=== Problem statement ===
The data below should be copied out exactly, with its pictures omitted.

=== Information shown ===
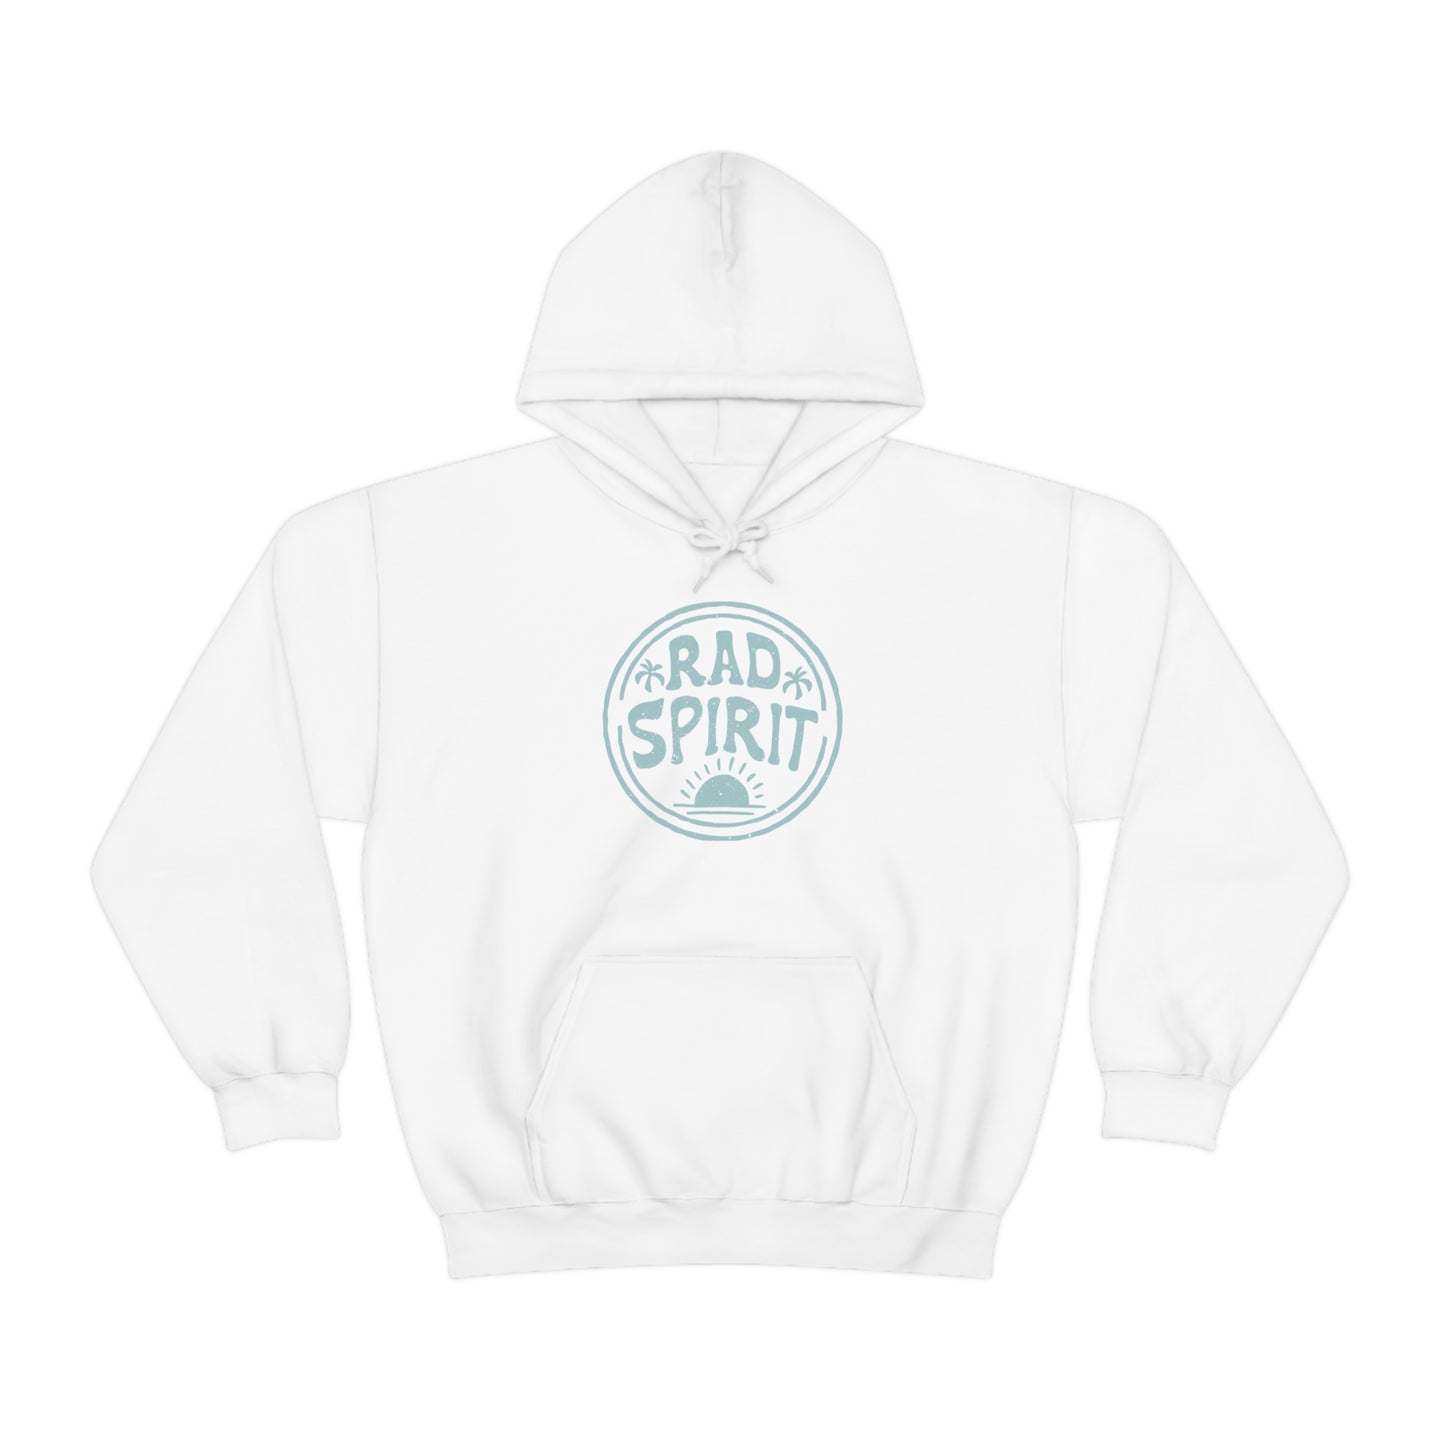 "Rad Spirit" Unisex Hooded Sweatshirt
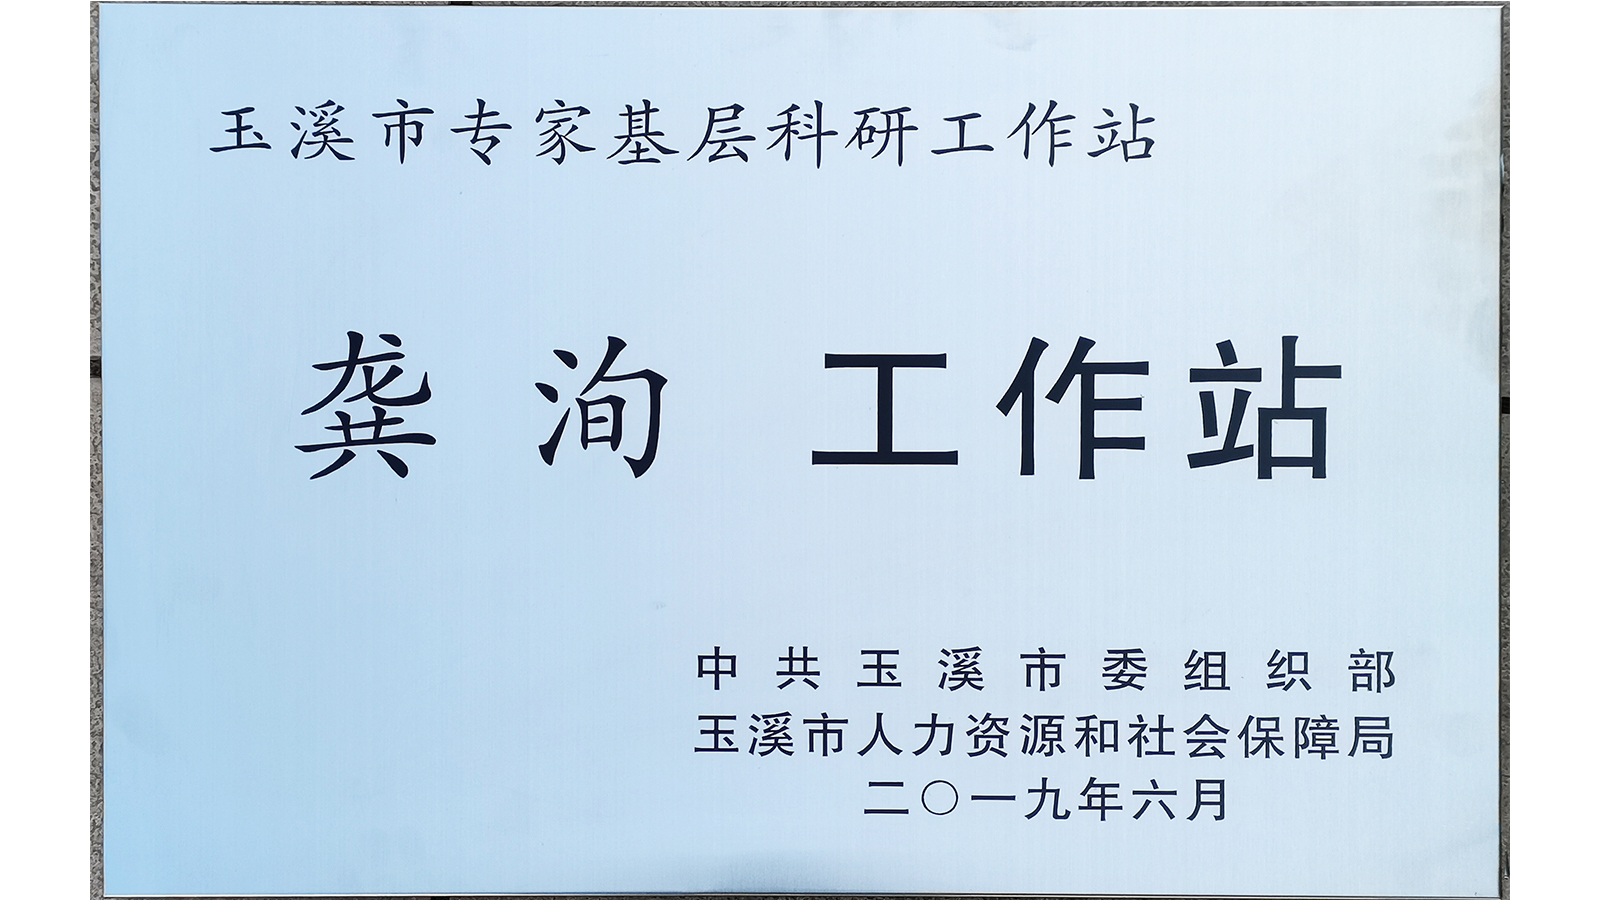 中国科学院昆明植物研究所龚洵研究员专家工作站牌匾
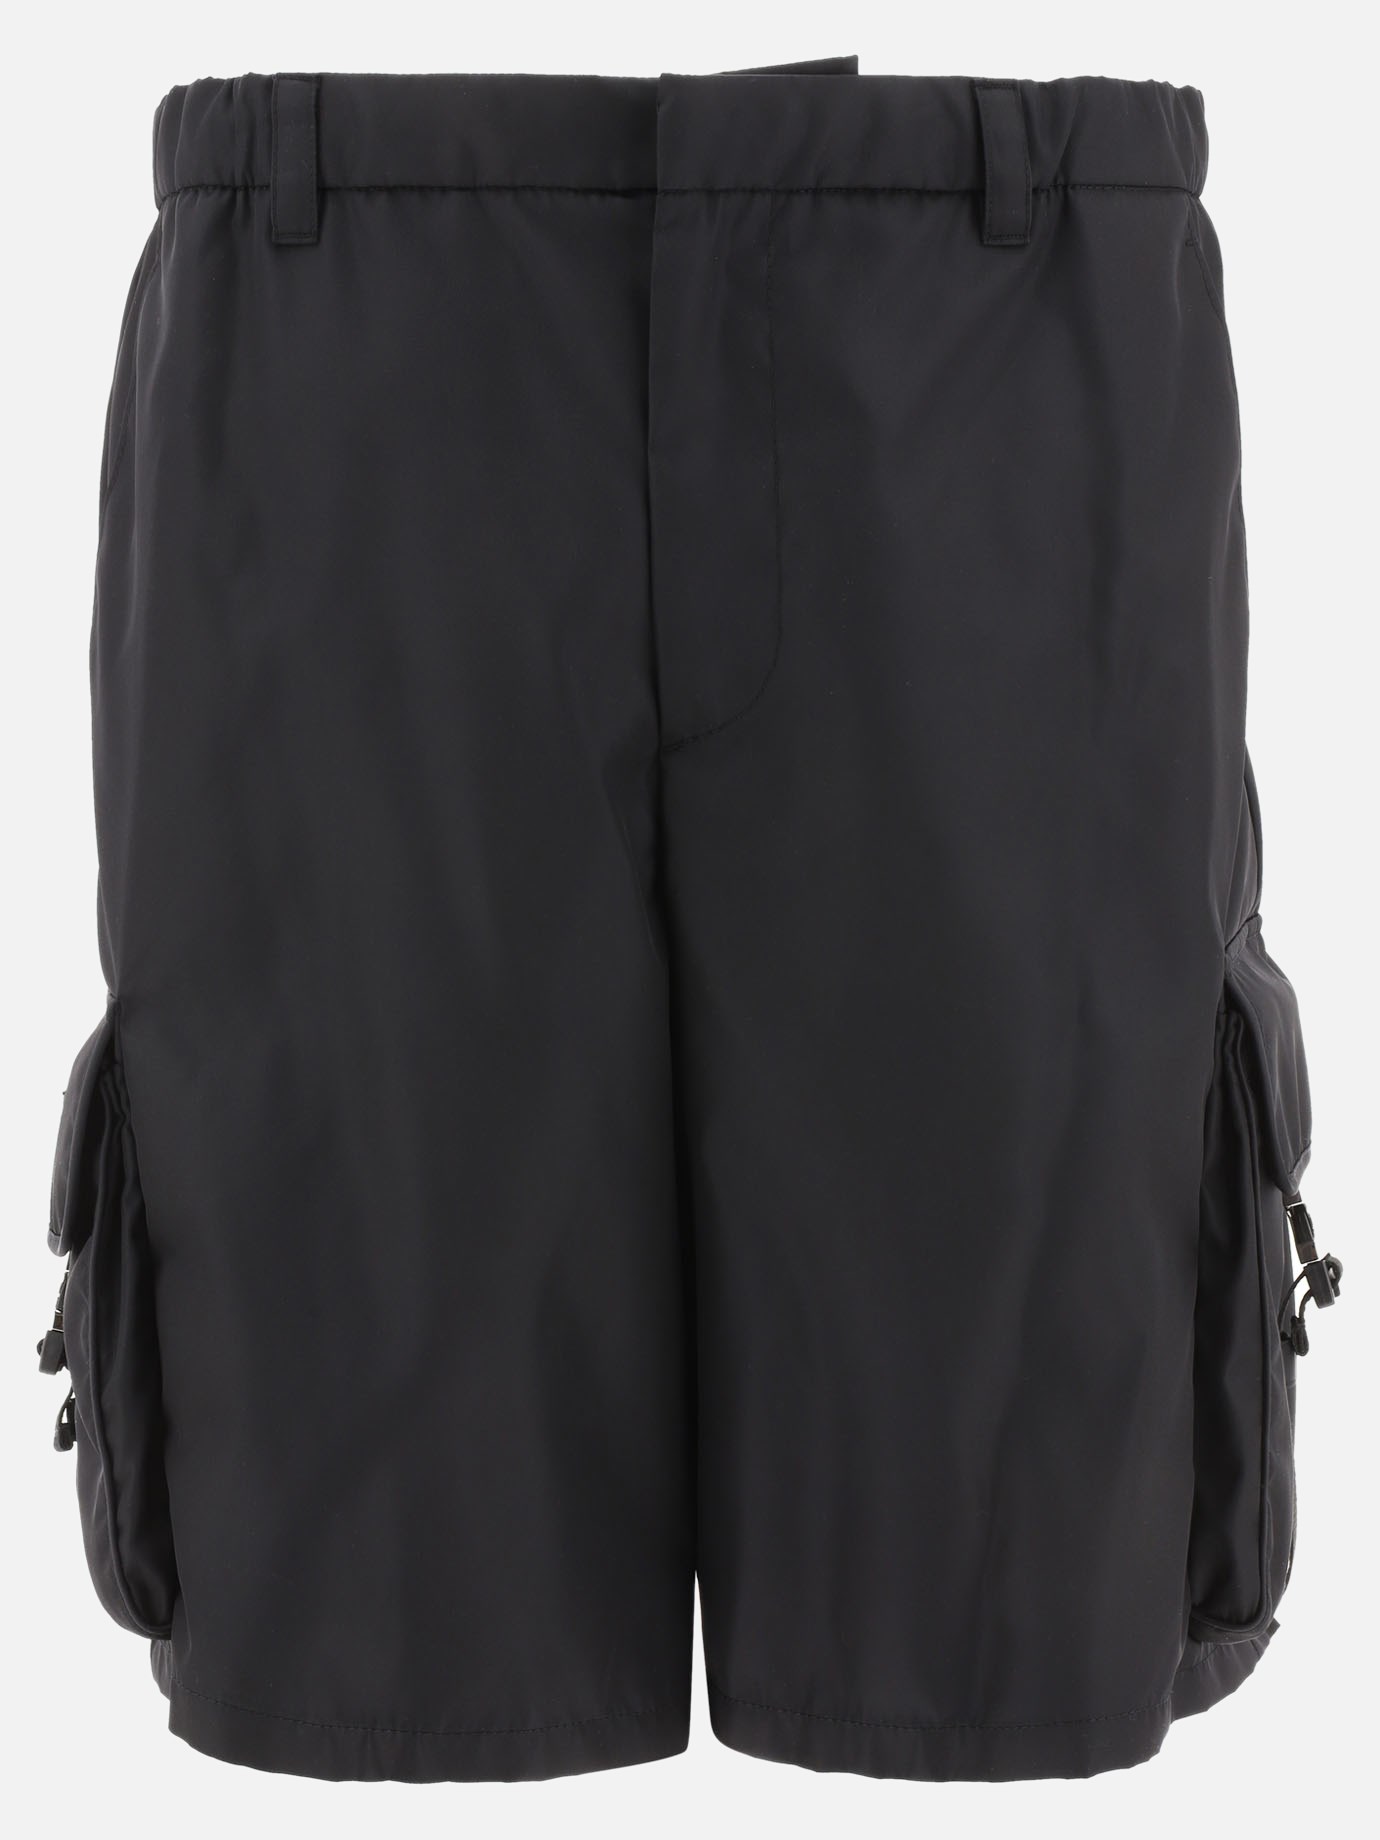  Re-Nylon  cargo shorts by Prada
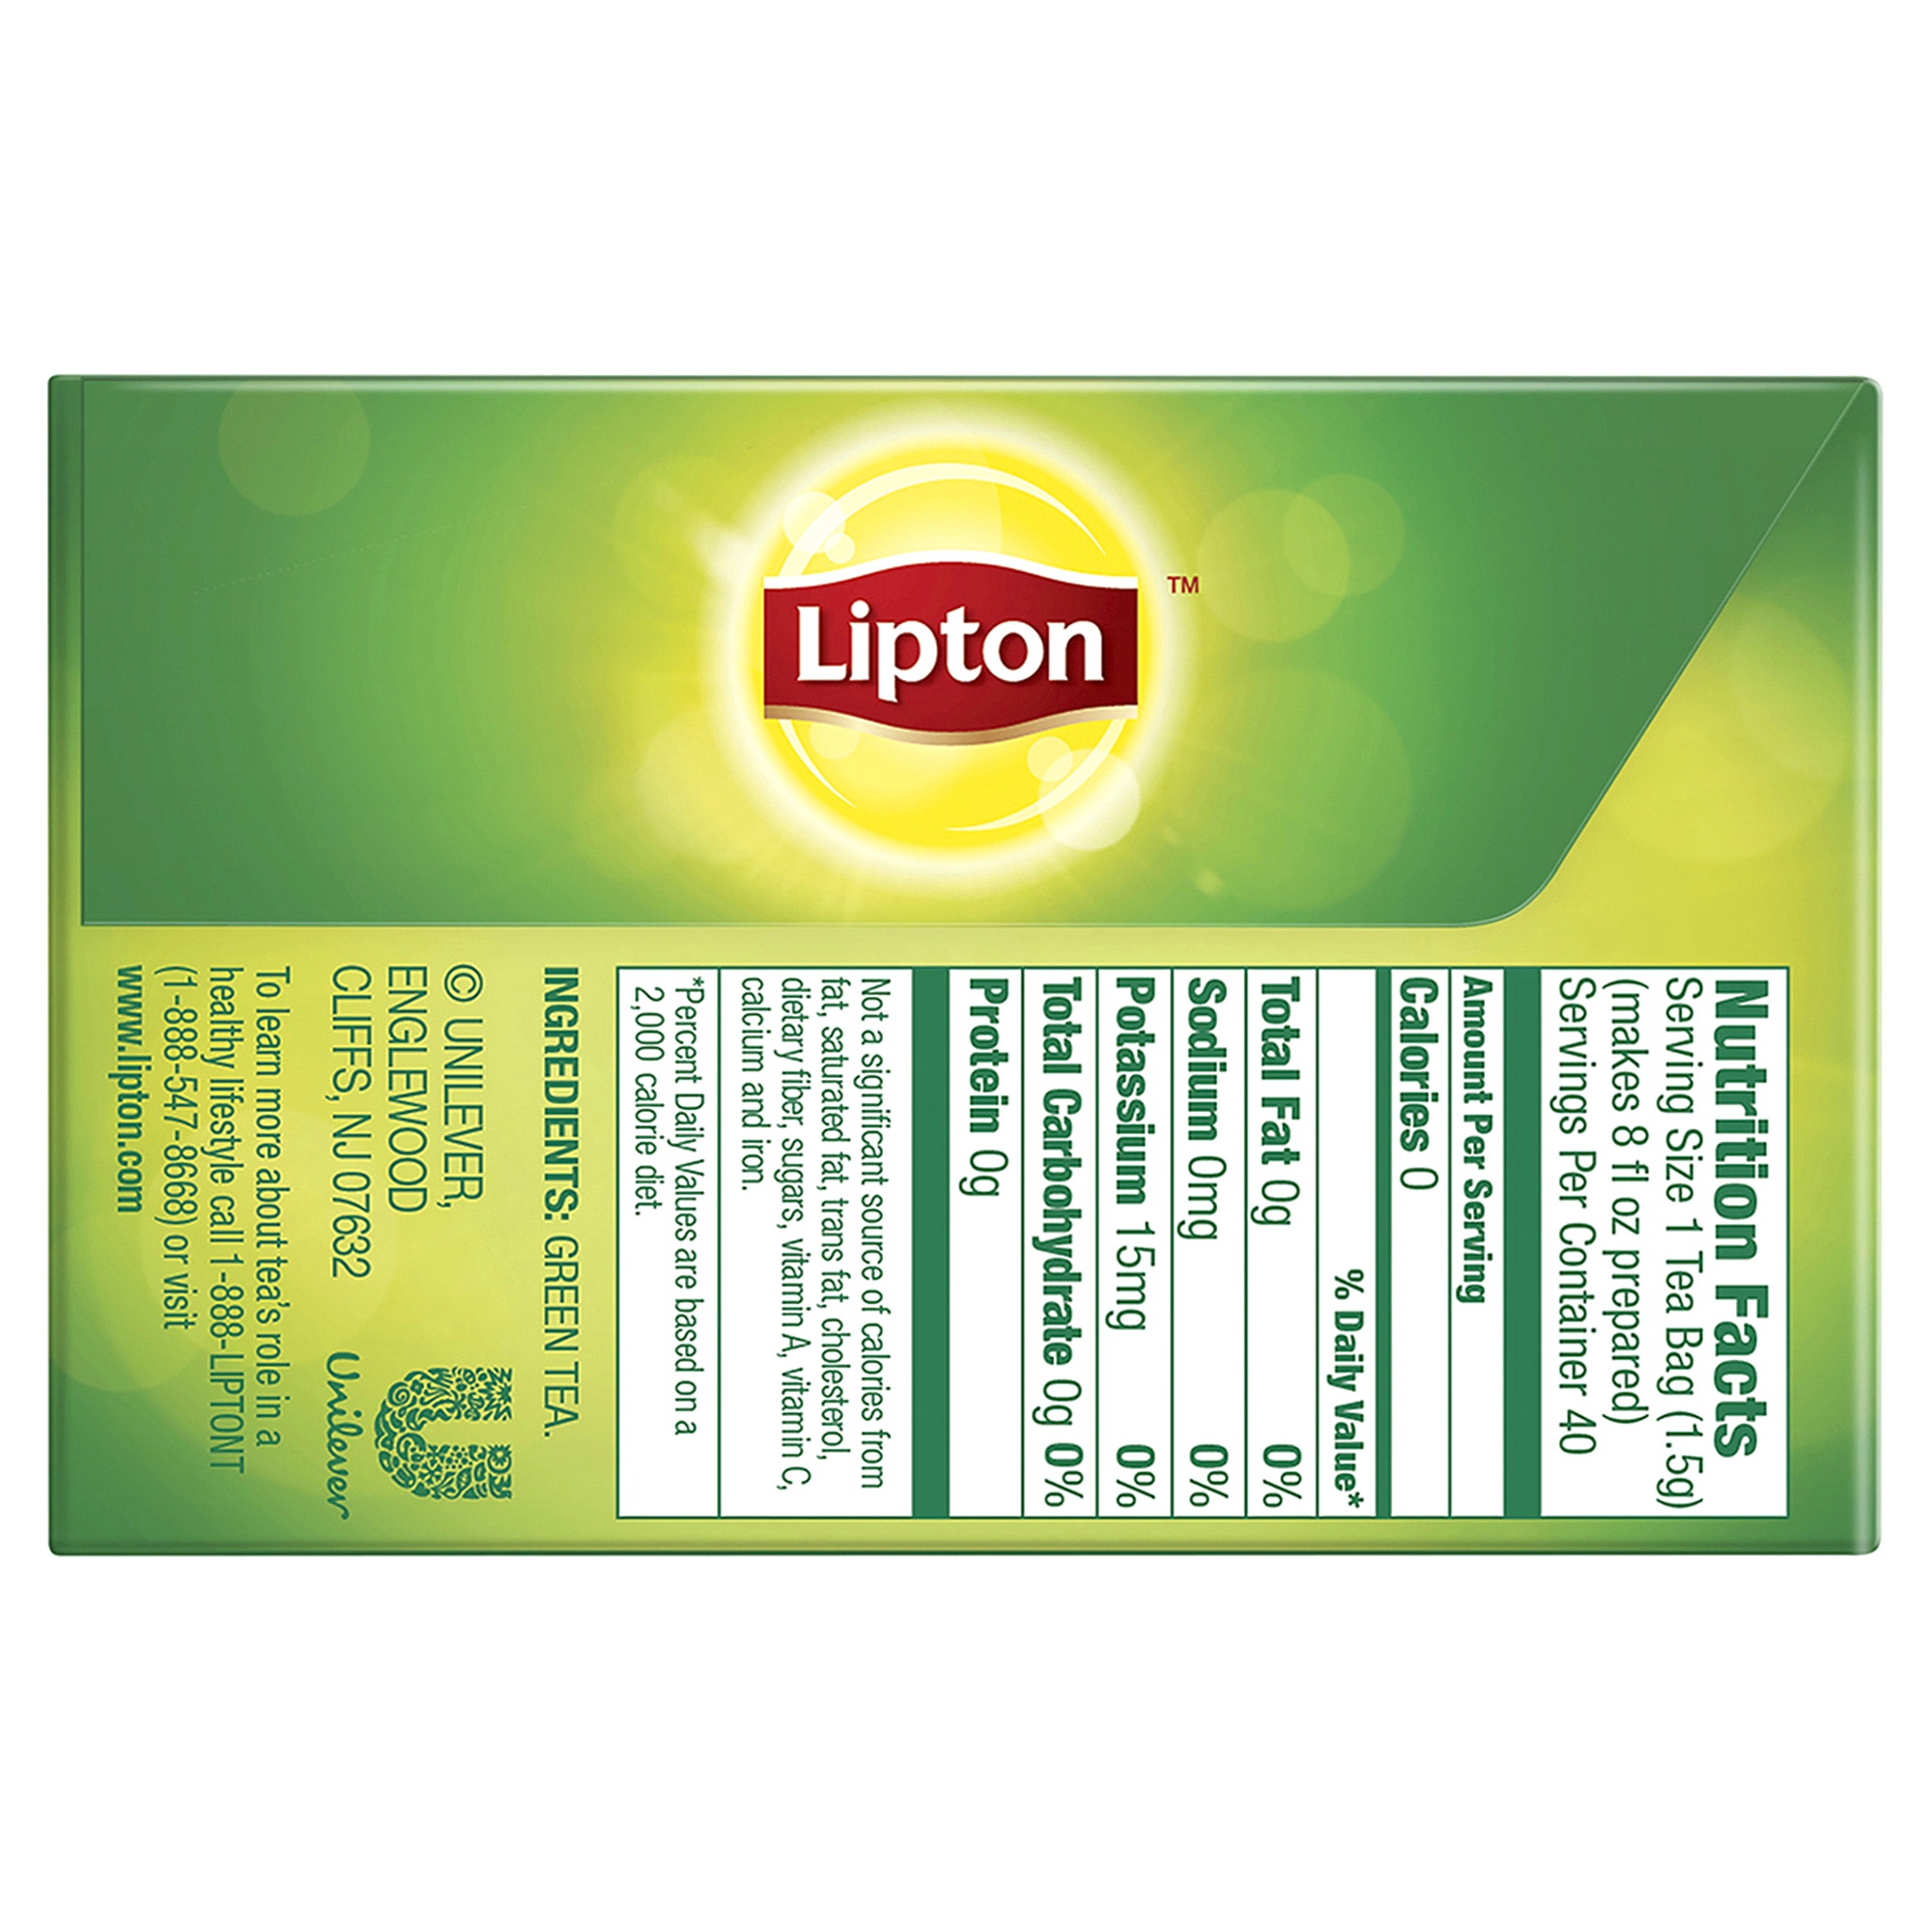 Состав чая липтон. Холодный зеленый чай Липтон этикетка. Липтон зеленый чай состав. Липтон зелёный холодный чай состав. Lipton Tea Nutrition facts.

=== Written answer ===
 "Rad Spirit" Unisex Hooded Sweatshirt
 中国科学院昆明植物研究所龚洵研究员专家工作站牌匾
  Re-Nylon  cargo shorts by Prada
 Состав чая липтон. Холодный зеленый чай Липтон этикетка. Липтон зеленый чай состав. Липтон зелёный холодный чай состав. Lipton Tea Nutrition facts.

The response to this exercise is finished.